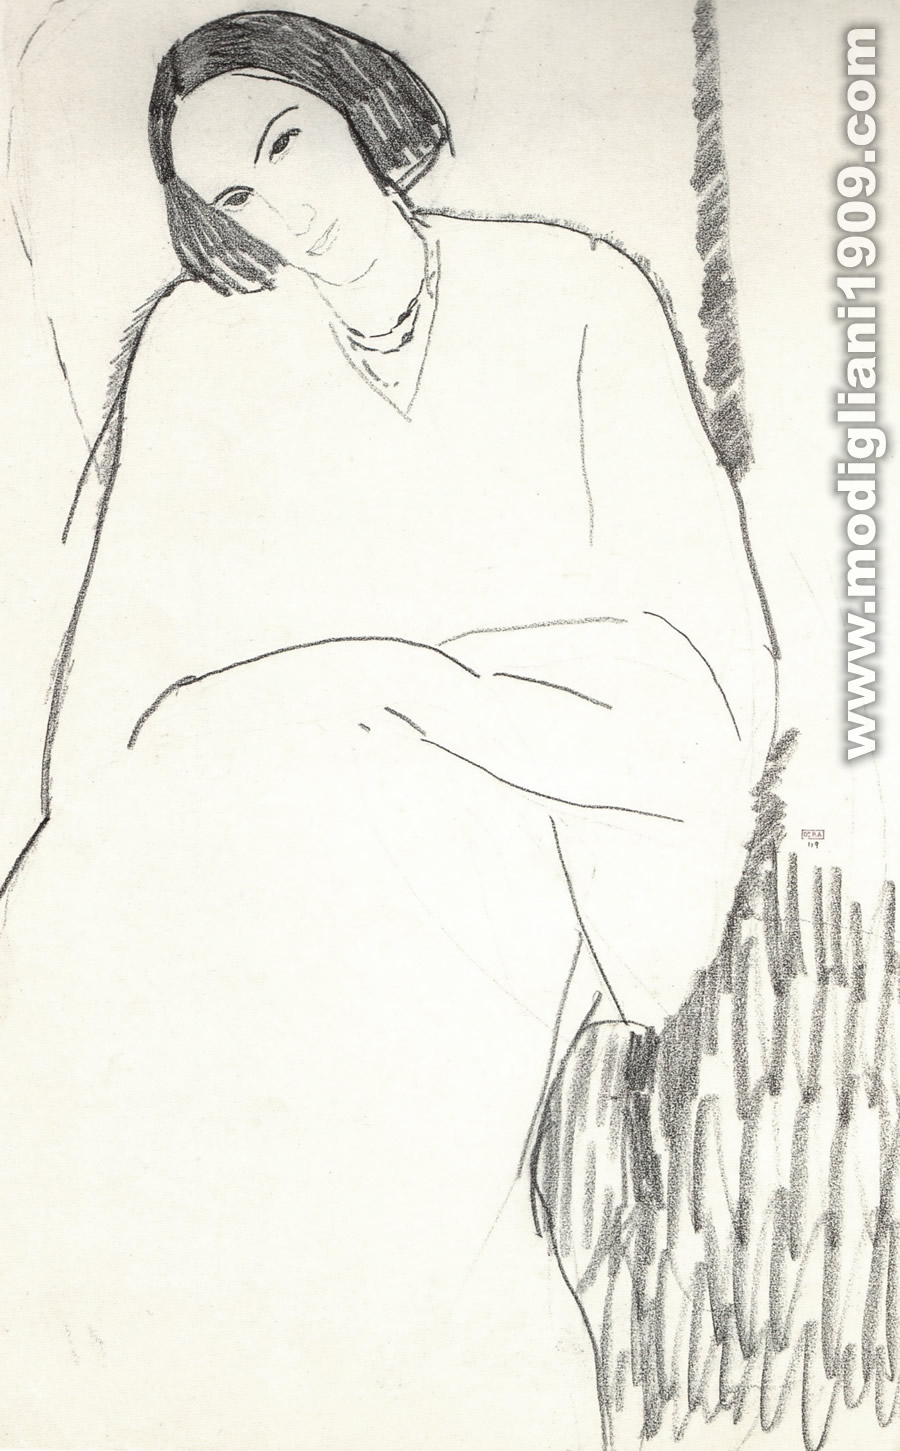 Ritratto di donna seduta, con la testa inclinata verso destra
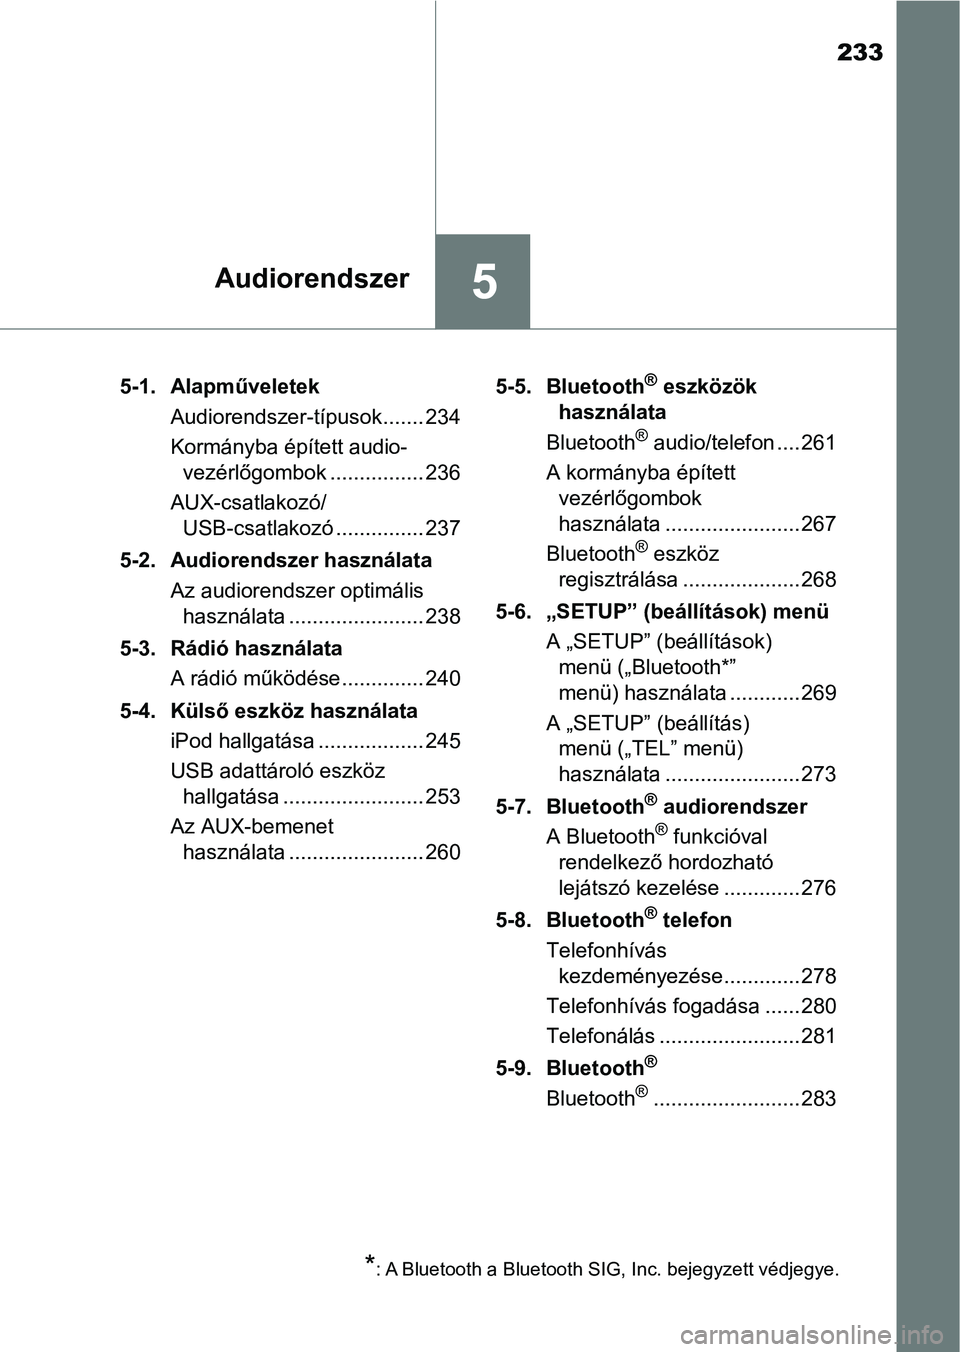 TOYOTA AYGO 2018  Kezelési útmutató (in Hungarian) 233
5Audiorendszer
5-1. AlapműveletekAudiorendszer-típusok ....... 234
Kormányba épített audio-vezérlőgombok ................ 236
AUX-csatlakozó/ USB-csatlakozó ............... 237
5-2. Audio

..............................

WORK INSTRUCTIONS - Transcribe the records above exactly, without images.

FINISHED TASK -
 Ritratto di donna seduta, con la testa inclinata verso destra
 TOYOTA AYGO 2018  Kezelési útmutató (in Hungarian) 233
5Audiorendszer
5-1. AlapműveletekAudiorendszer-típusok ....... 234
Kormányba épített audio-vezérlőgombok ................ 236
AUX-csatlakozó/ USB-csatlakozó ............... 237
5-2. Audio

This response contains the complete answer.